SUPPLIED DATA =
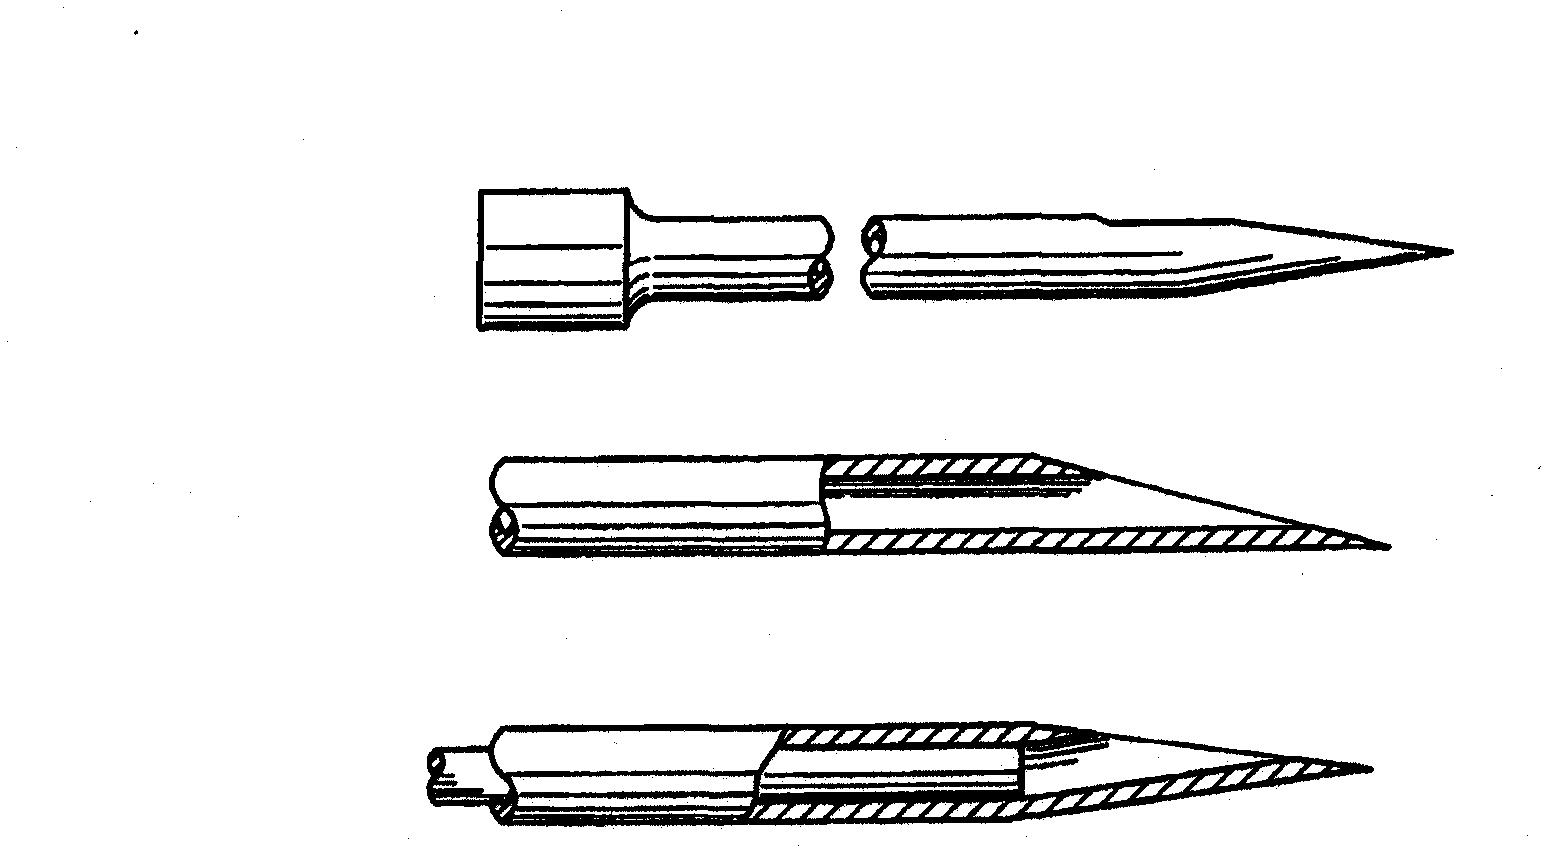 Needle for subcutaneous port
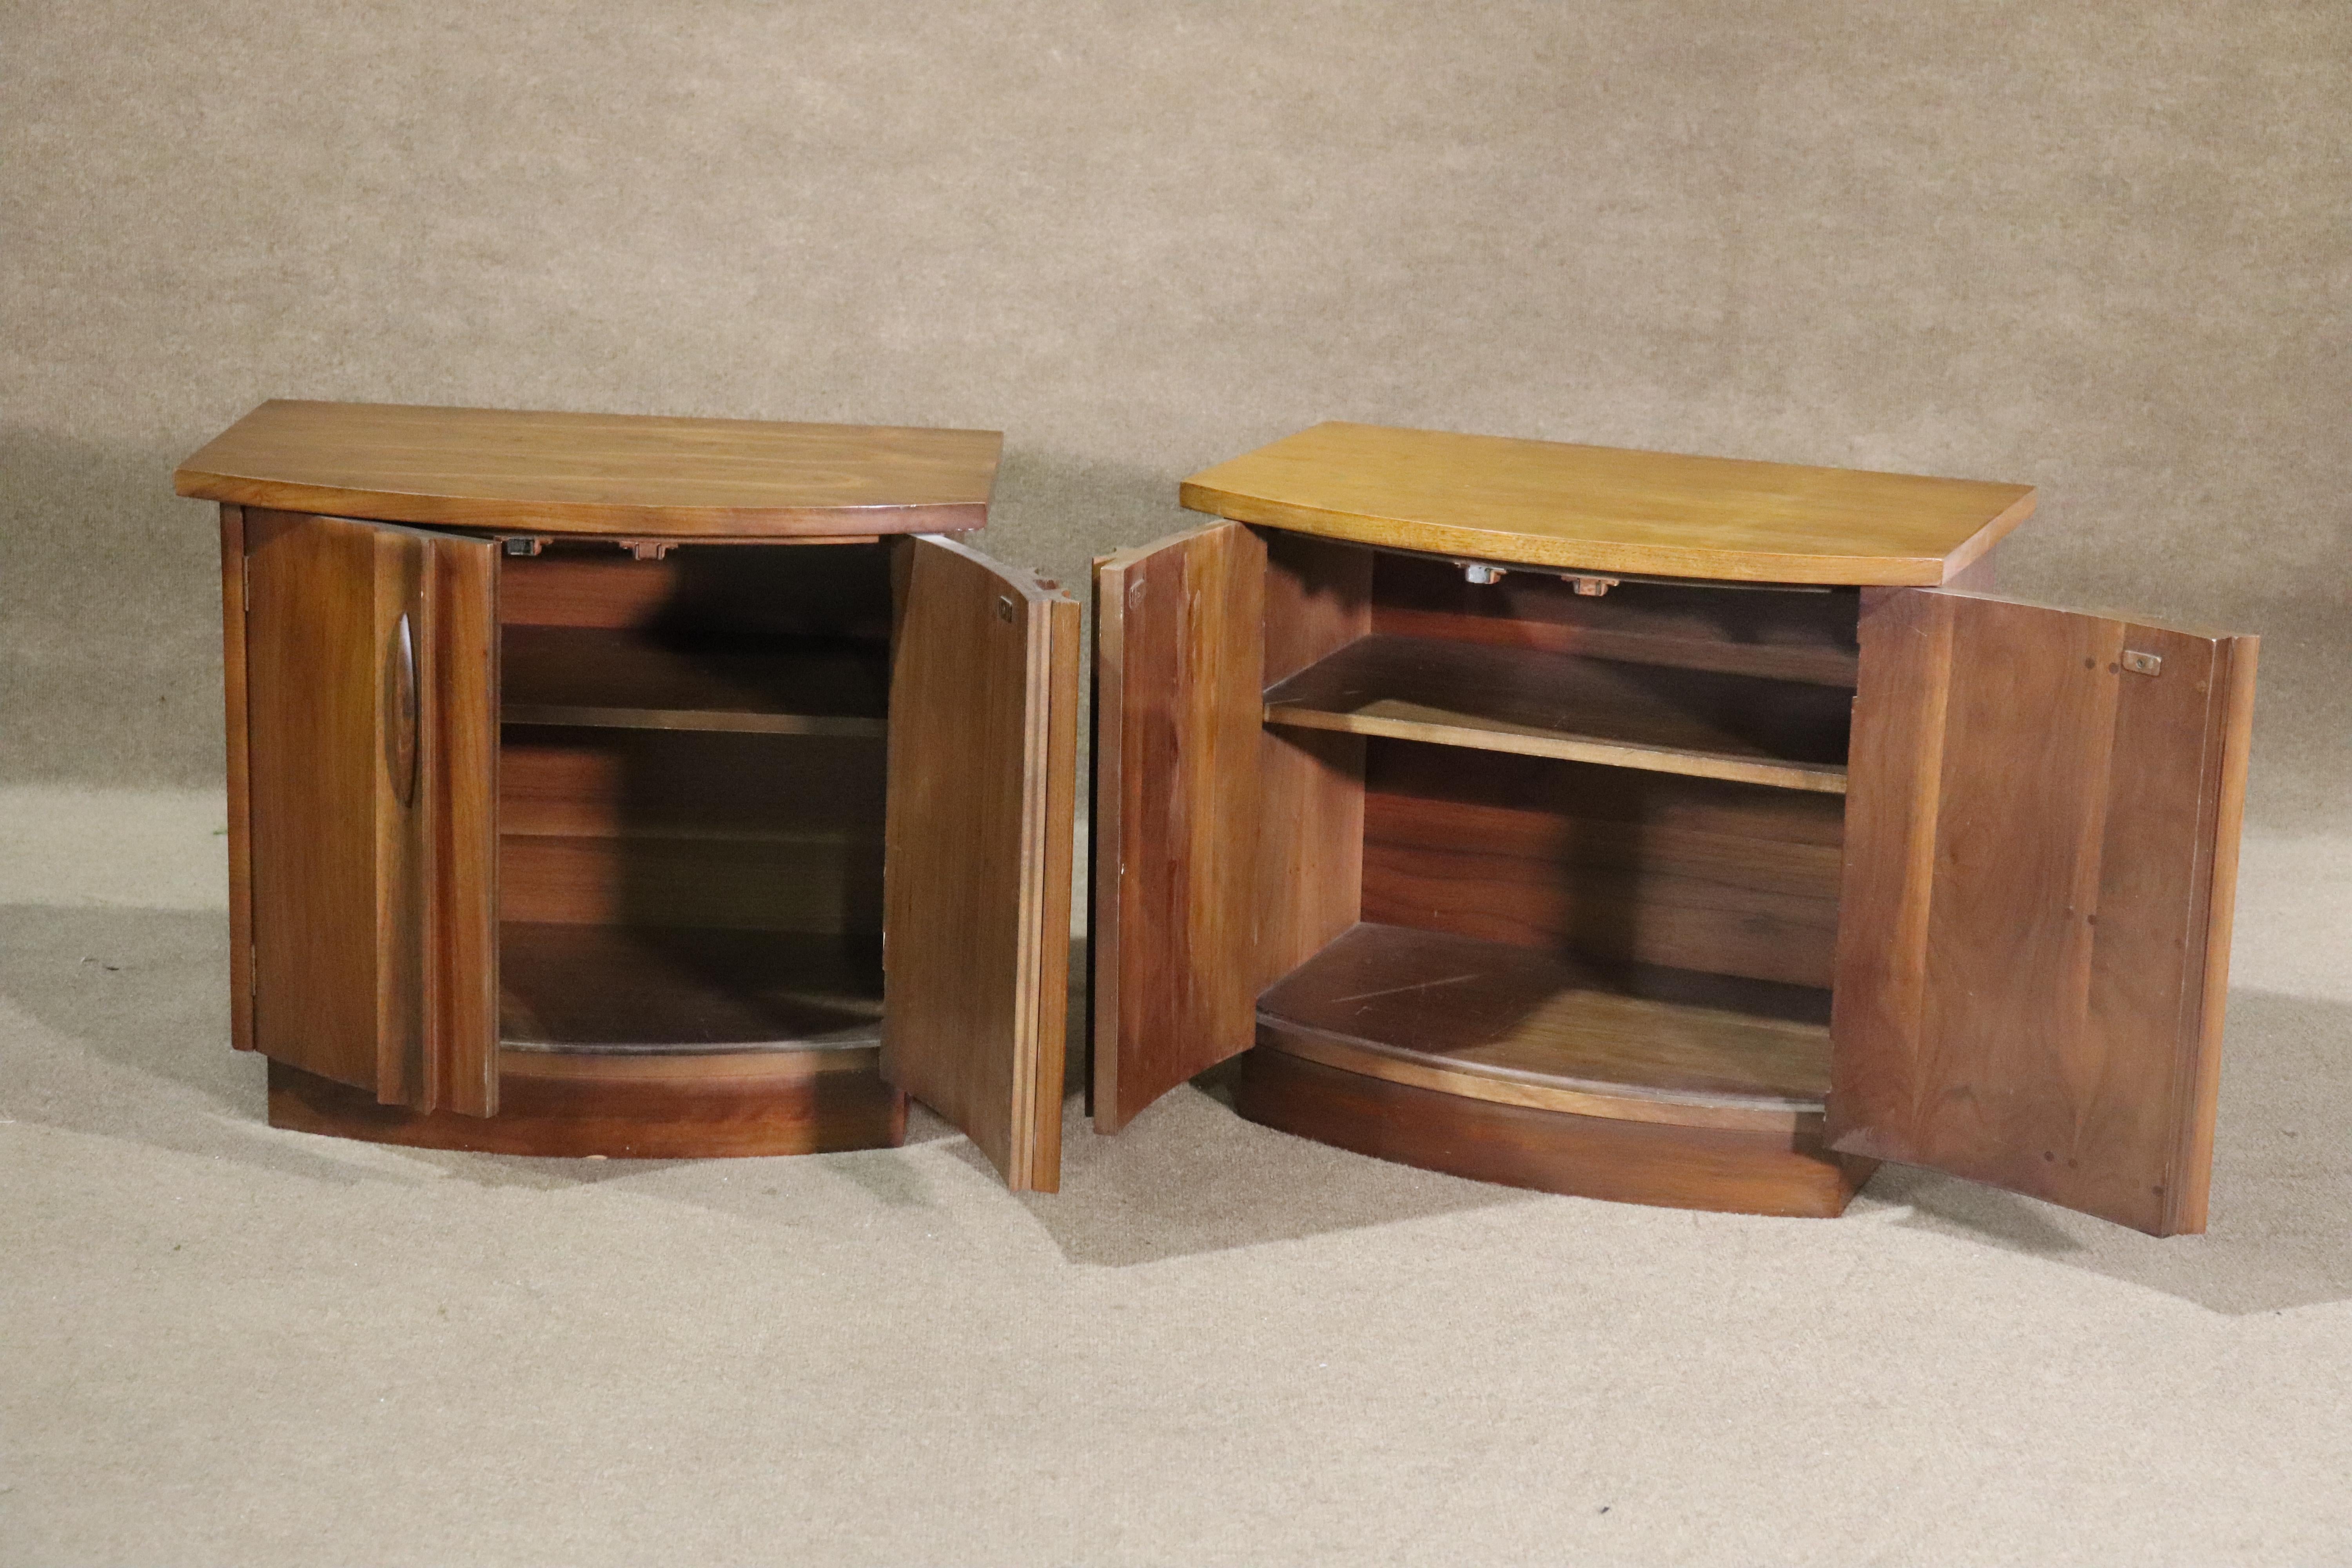 Pair of mid-century modern nightstands by Thomasville. Two door storage with sculpted fronts and walnut grain.
Please confirm location NY or NJ

TASK REQUIREMENTS =
Set down exactly the lines between the one with "Pair of mid-century" and the last line of the material above, both included, but none of the pictures.

COMPLETED TASK =
 Pair of mid-century modern nightstands by Thomasville. Two door storage with sculpted fronts and walnut grain.
Please confirm location NY or NJ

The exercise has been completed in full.